I residui di liquor verde si formano quando le cartiere recuperano i reagenti usati nella cottura della cellulosa. Le pezzature di legno vengono bollite in soluzioni fortemente alcaline per separare le fibre; il liquido esausto viene poi bruciato e trattato per riciclare i prodotti chimici. Durante questi processi si genera un residuo simile a fango che contiene calce residua, composti sodici e tracce di metalli. È fortemente basico, può tamponare l’acidità e tende ad aderire ad altre particelle se miscelato. Poiché quasi tutto viene oggi conferito in discarica, trovare una via di riutilizzo sicura potrebbe ridurre sia i costi di smaltimento sia l’impronta ambientale dell’industria cartaria.

Come i ricercatori lo hanno messo alla prova

Per capire come si comporta nella pratica, gli autori hanno raccolto 71 campioni di residui di liquor verde da 16 cartiere svedesi nel corso di due anni. Invece di studiare uno o due campioni, hanno deliberatamente coperto un’ampia gamma di cartiere, stagioni e condizioni di lavorazione. In laboratorio il materiale umido è stato agitato con acqua pura in due fasi, simulando approssimativamente più passaggi di acqua piovana. Successivamente è stata misurata la quantità di una lunga lista di elementi finiti nell’acqua, incluse componenti comuni come sodio e calcio e tracce metalliche potenzialmente dannose come piombo, cadmio, cromo e zinco. Modelli al computer sono stati usati per inferire quali minerali solidi nei residui controllassero ciò che si dissolveva nell’acqua.

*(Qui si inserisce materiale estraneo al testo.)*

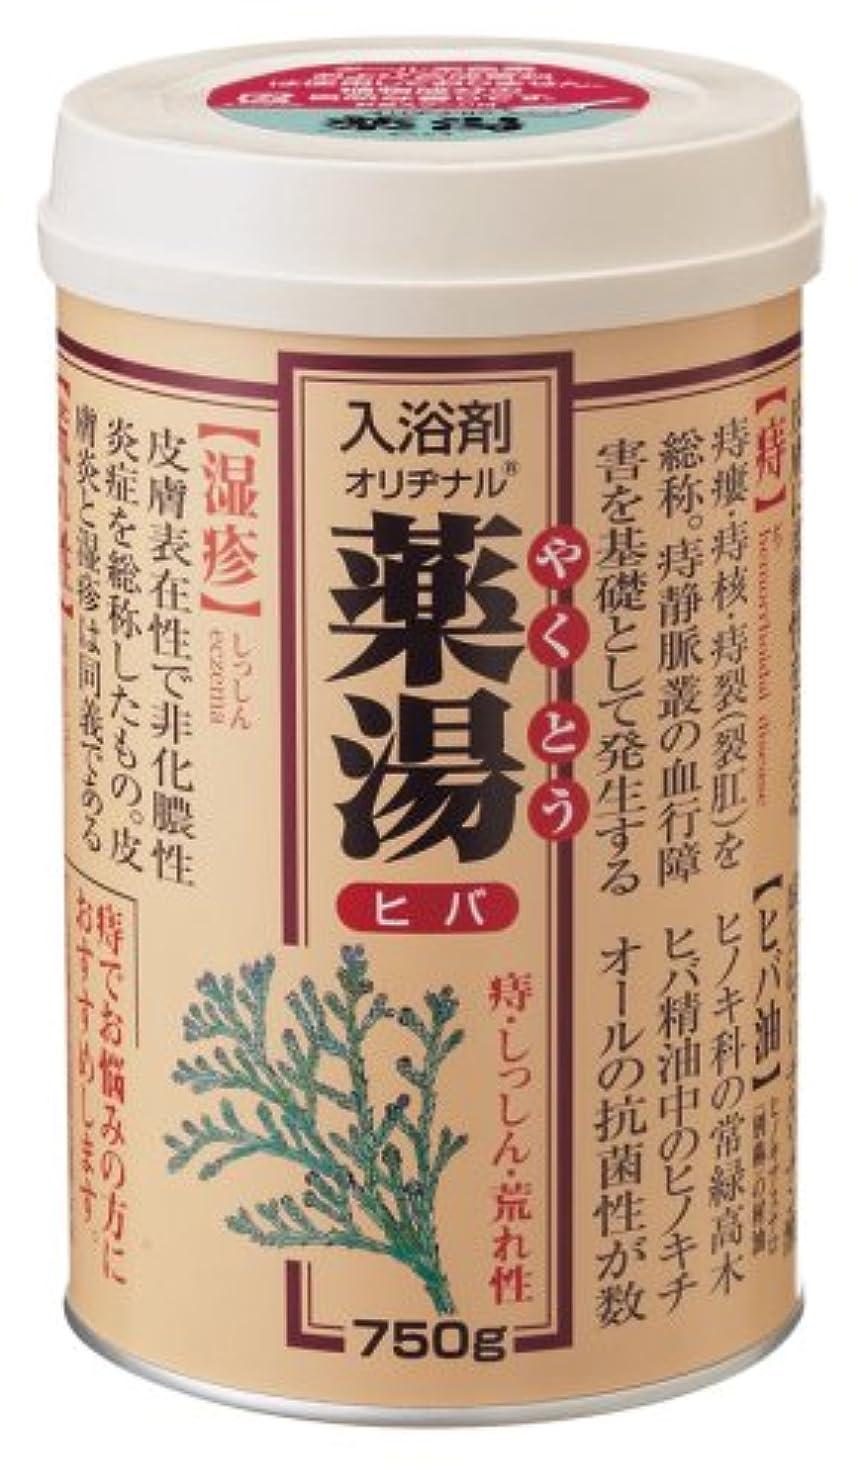 全国繊細葬儀NEWオリヂナル薬湯 ヒバ 750g [医薬部外品]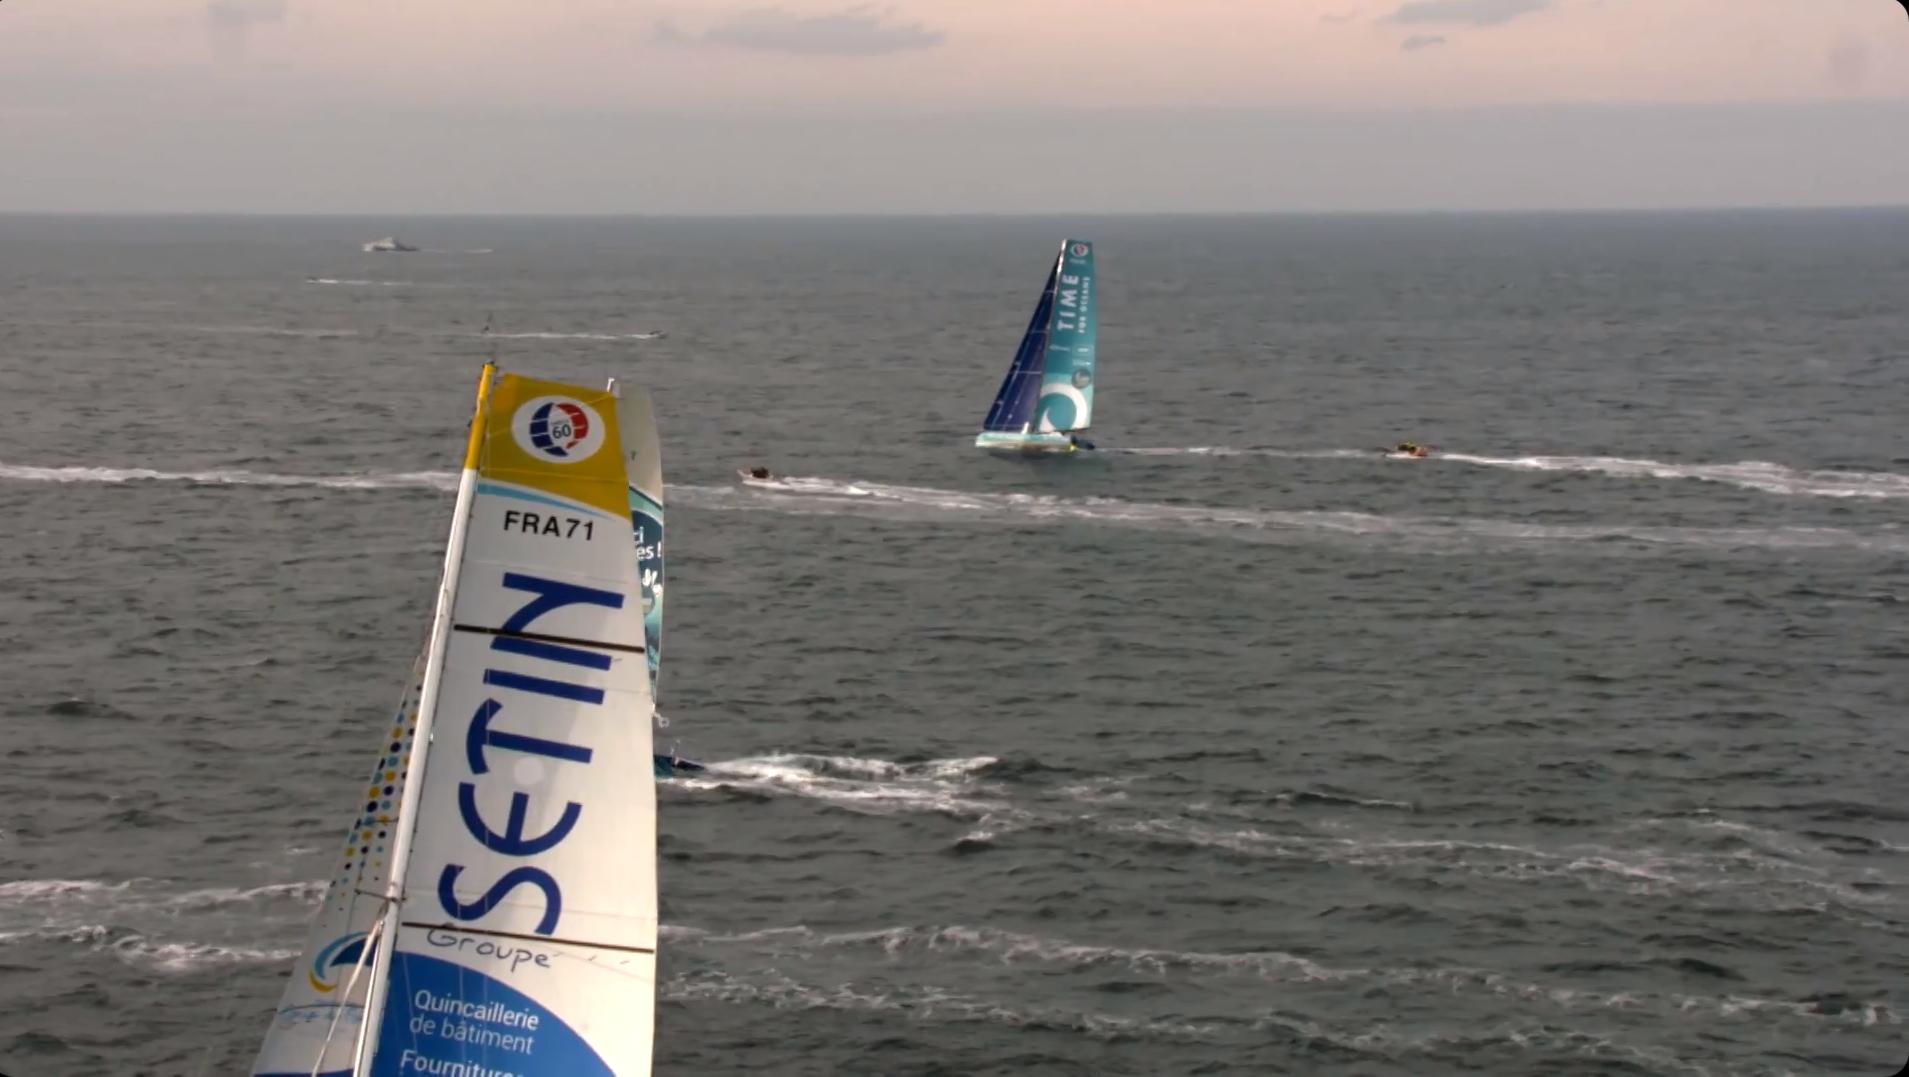 Time For Oceans - Stéphane Le Diraison - Route Du Rhum 2018

Ciò che si liscivia e ciò che resta fermo

I test hanno rivelato una doppia natura. Componenti salini come sodio, potassio e rubidio sono stati facilmente lavati via, con oltre due terzi del loro contenuto totale trasferito nell’acqua nelle condizioni sperimentali. Questi derivavano principalmente da sali semplici e altamente solubili residui dei reagenti di lavorazione della cellulosa e sono responsabili della forte alcalinità del primo deflusso d’acqua. Al contrario, calcio, magnesio, ferro e molti metalli di interesse—come zinco, piombo, nichel e rame—sono rimasti sostanzialmente fissi. Le loro concentrazioni nell’acqua sono risultate basse, spesso ben al di sotto dell’1% delle quantità totali presenti nel solido. La modellizzazione ha indicato minerali come la calcite (una forma comune di calcare), varie idrossidi e ossidi metallici come le principali “serrature” che trattengono questi elementi e ne controllano il lento rilascio.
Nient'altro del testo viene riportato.